Let me defend my specific claim that the SCHED_DEADLINE admissions tests is not useful for many users. An admissions test is useful in an "open system," where the sysadmin (or system designer) cannot predict or control what what is run under the SCHED_DEADLINE policy. If I had to guess at who could benefit from an open linux-rt system, I would guess multi-media and gaming. Contrast this with a "closed system," where the sysadmin/system-designer controls everything that runs on the system. Who are these users? Robots (including autonomous vehicles), high-frequency trading systems, and I would argue pro-audio tools. Admissions tests are less useful in a closed system because the system-designer can account for CPU requirements ahead of time. After all, they already know enough about their execution time requirements provide execution-time parameters to SCHED_DEADLINE. In short, there is no need for an admissions test in a closed system. And this is where it gets in the way of more robust real-time scheduling: Linux could support a flavor of mixed-criticality scheduling if it did away with the admissions test that no one is really using!

Please note that elimination of the admissions test does not mean eliminating budget enforcement. Budget enforcement can still be used to isolate run-away threads.

A realtime developer's checklist

Posted Nov 17, 2020 16:21 UTC (Tue) by Jonno (subscriber, #49613) [Link]

> We can't do this today with the current Linux scheduler, since SCHED_DEADLINE preempts SCHED_FIFO. This could be done if we were able to reorder the relative priority of the scheduling classes, or simply let SCHED_FIFO preempt SCHED_DEADLINE. This would weaken (violate) the SCHED_DEADLINE admission test guarantees, but I find this feature less compelling than support for a flavor of mixed-criticality.
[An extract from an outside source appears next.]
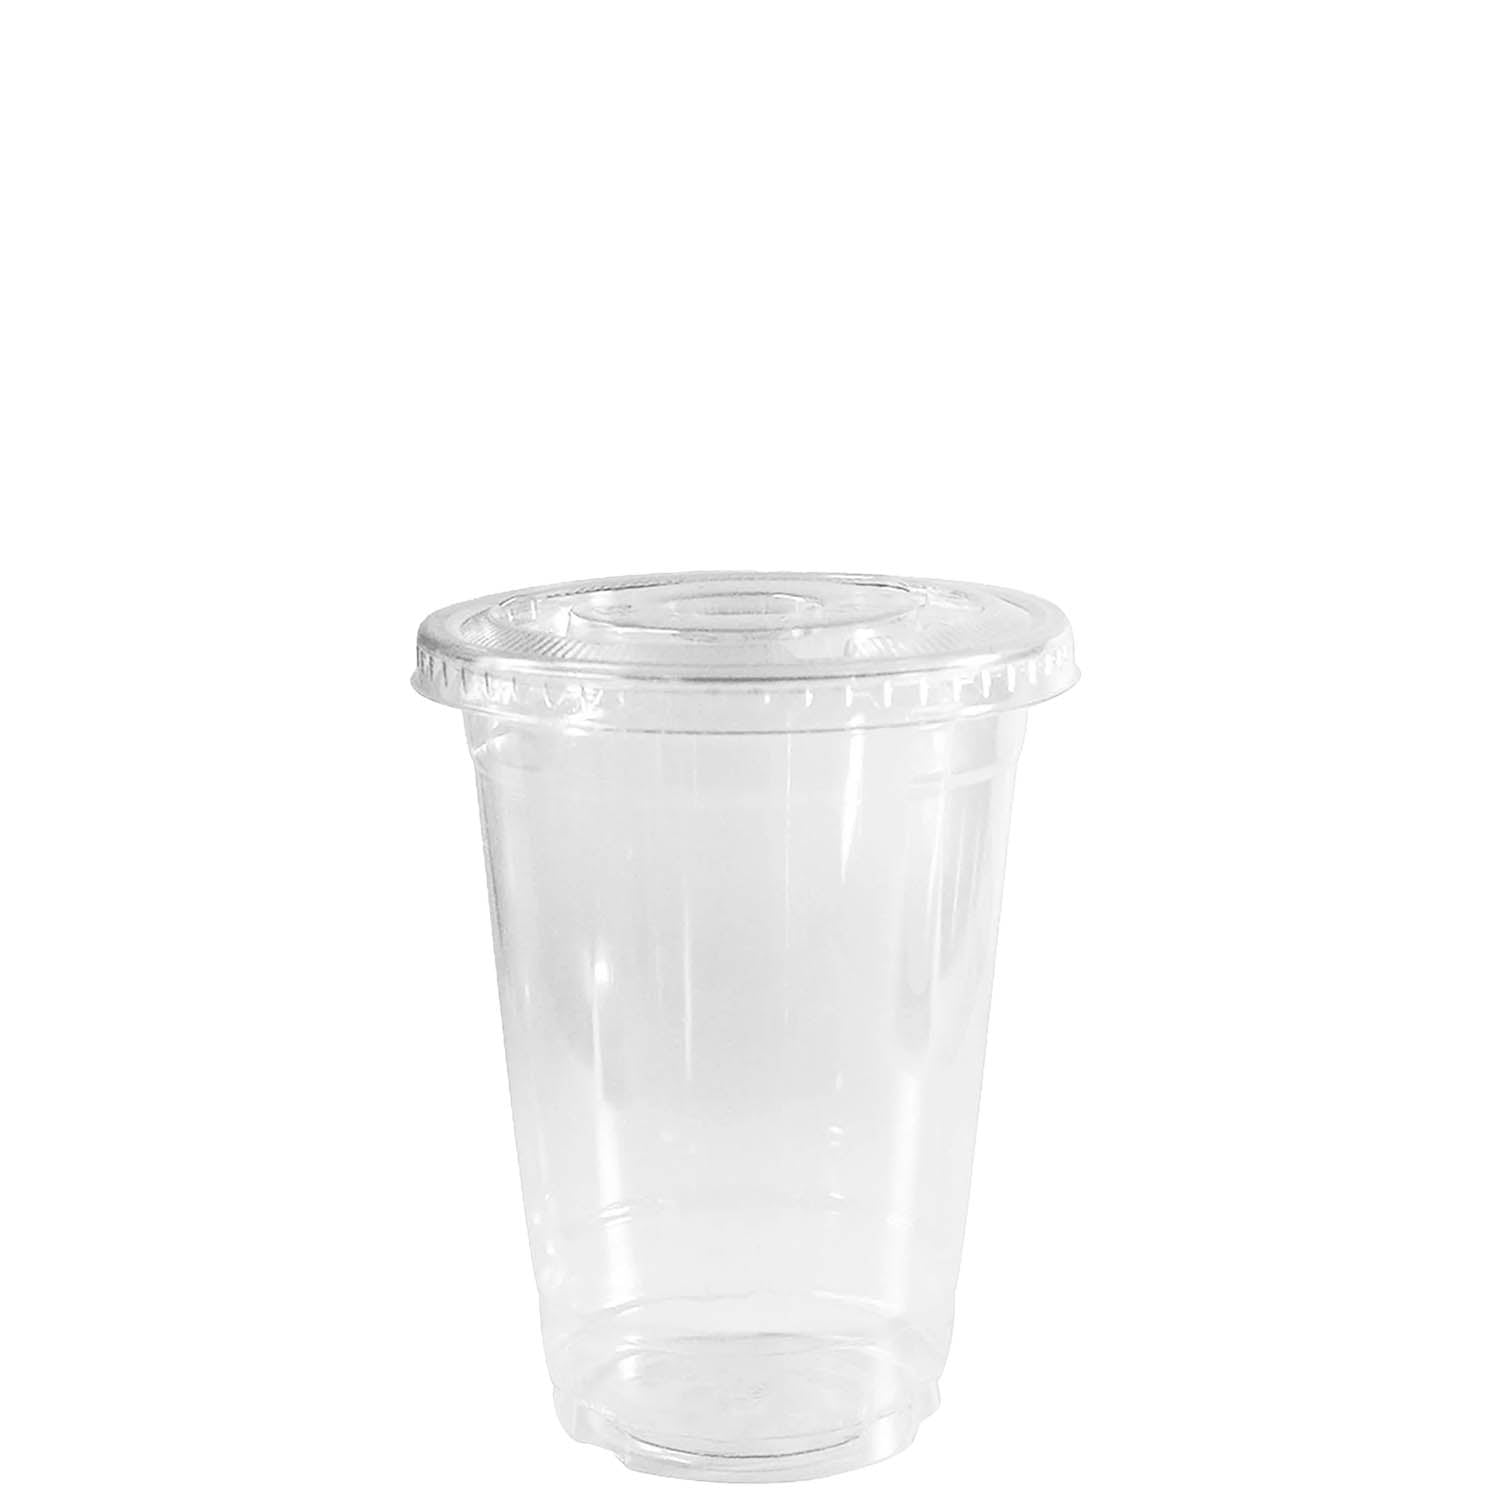 Plastic Cups with Lids - 12 oz - BPA-Free Clear Plastic Cups - Rolled Rim  Disposable Coffee Cups - C…See more Plastic Cups with Lids - 12 oz

In an ideal world, the scheduler would be able to tell whether it would be possible to meet all deadlines even if no SCHED_DEADLINE tasks gets scheduled until the next scheduler tick, and if so give priority to SCHED_FIFO, while still giving priority to SCHED_DEADLINE when necessary to meet deadlines.

Unfortunately that would require doing admission control every time the scheduler has to pick a task (rather than just when changing the scheduling policy of a task) which would probably have a prohibitively high overhead.